We reach this conclusion by first noting that MCR 3.101(G)(2) sets an upper limit on a
garnishee’s liability. This upper limit is set by referencing the property belonging to the
defendant, not the garnishee. Indeed, consistent with the general rule that a garnishee’s liability
is to be determined by reference to the defendant’s property, subrule (G)(2) states that a
garnishee may deliver to the defendant any property exceeding the amount of the judgment. The
context in which subrule (G)(2) appears in the garnishment process shapes this conclusion as
well. See In re McCarrick/Lamoreaux, 307 Mich App 436, 446; 861 NW2d 303 (2014)

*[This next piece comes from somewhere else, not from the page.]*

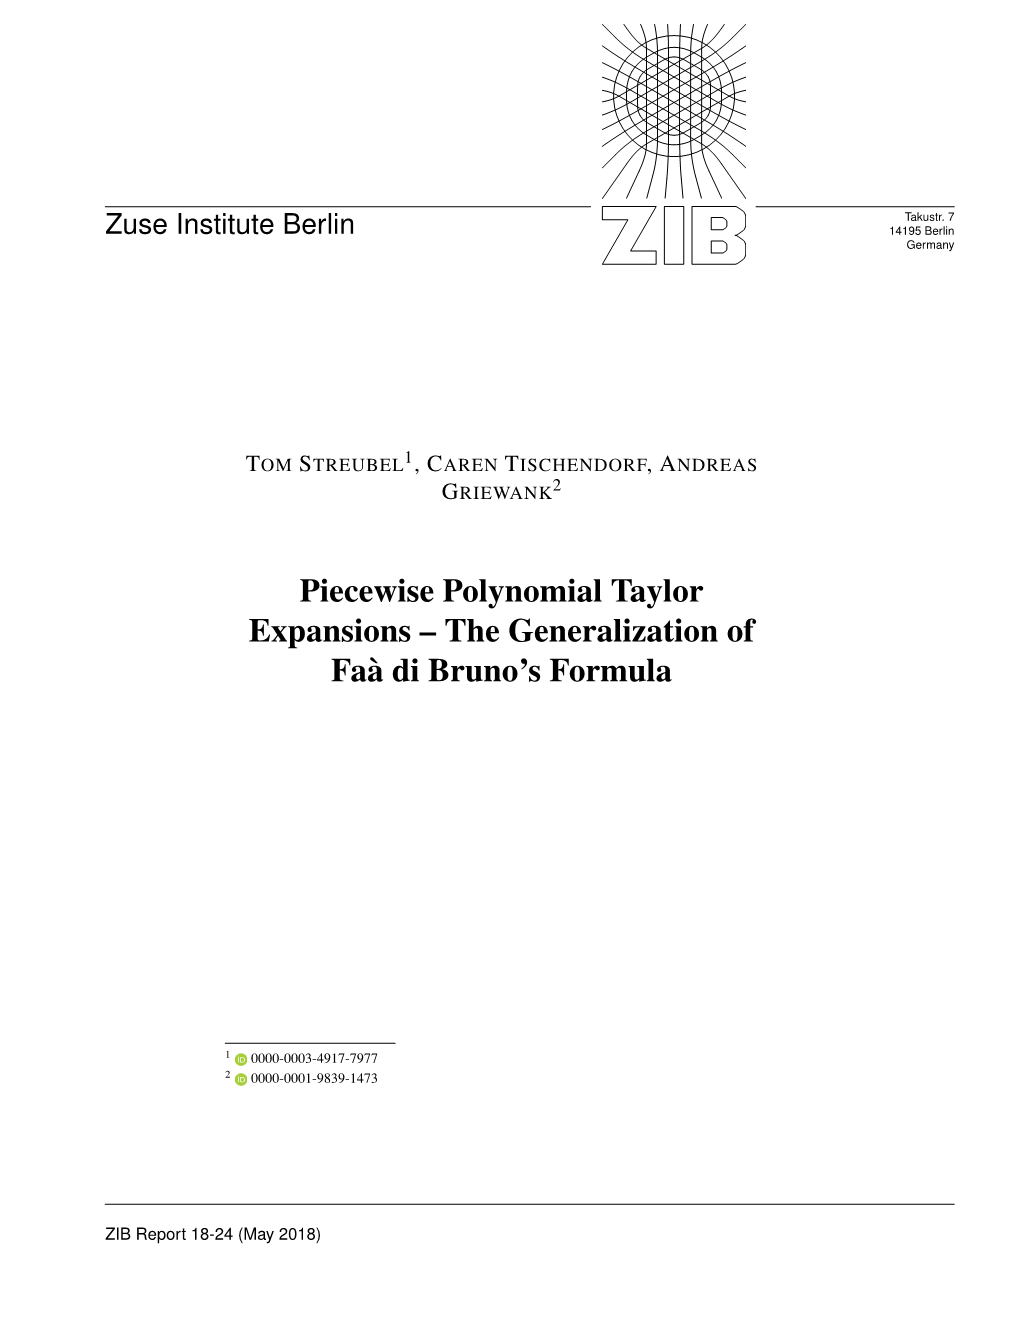 Piecewise Polynomial Taylor Expansions – the Generalization of Fa`A Di Bruno's Formula

(“When interpreting a court rule, we must read the rule’s provisions reasonably and in context.”)
(citation and quotation marks omitted). Here, subrule (G)(2) appears immediately after MCR
3.101(G)(1), which expressly lists the types of property belonging to a debtor for which the
garnishee can be liable. Subrule (G)(2), then, ensures that a garnishee’s liability, having been
established through the defendant’s assets and property listed in (G)(1), is not to exceed the
principal judgment, and that all of the defendant’s property which exceeds the judgment may be
returned to the defendant.
Further, our conclusion is shaped by the significance of the role that a verified disclosure
form plays in the default process. The verified disclosure form—which, we again note, forms
the basis of the default in the first instance when the garnishee fails to timely file it—has a
distinct purpose. That purpose, according to MCR 3.101(H)(1)(a), is to disclose “the garnishee’s
liability to the defendant as specified in [MCR 3.101(G)(1)],” if any. (Emphasis added). The
significance of this form, then, is to point out the garnishee’s liability to the defendant. This
focus on the garnishee’s liability to the defendant is consistent with the framework of
garnishment proceedings as a whole—that is, to require payment from the garnishee for the
defendant’s assets held by the garnishee. Nothing in this rule even broaches the subject of a
garnishee’s potential personal liability. That a default arises from the garnishee’s failure to
disclose its liability to the defendant supports the notion that a default could at most serve as an
admission of liability to the defendant, and not an admission by the garnishee that it is liable,
regardless of whatever assets it held on behalf of the defendant.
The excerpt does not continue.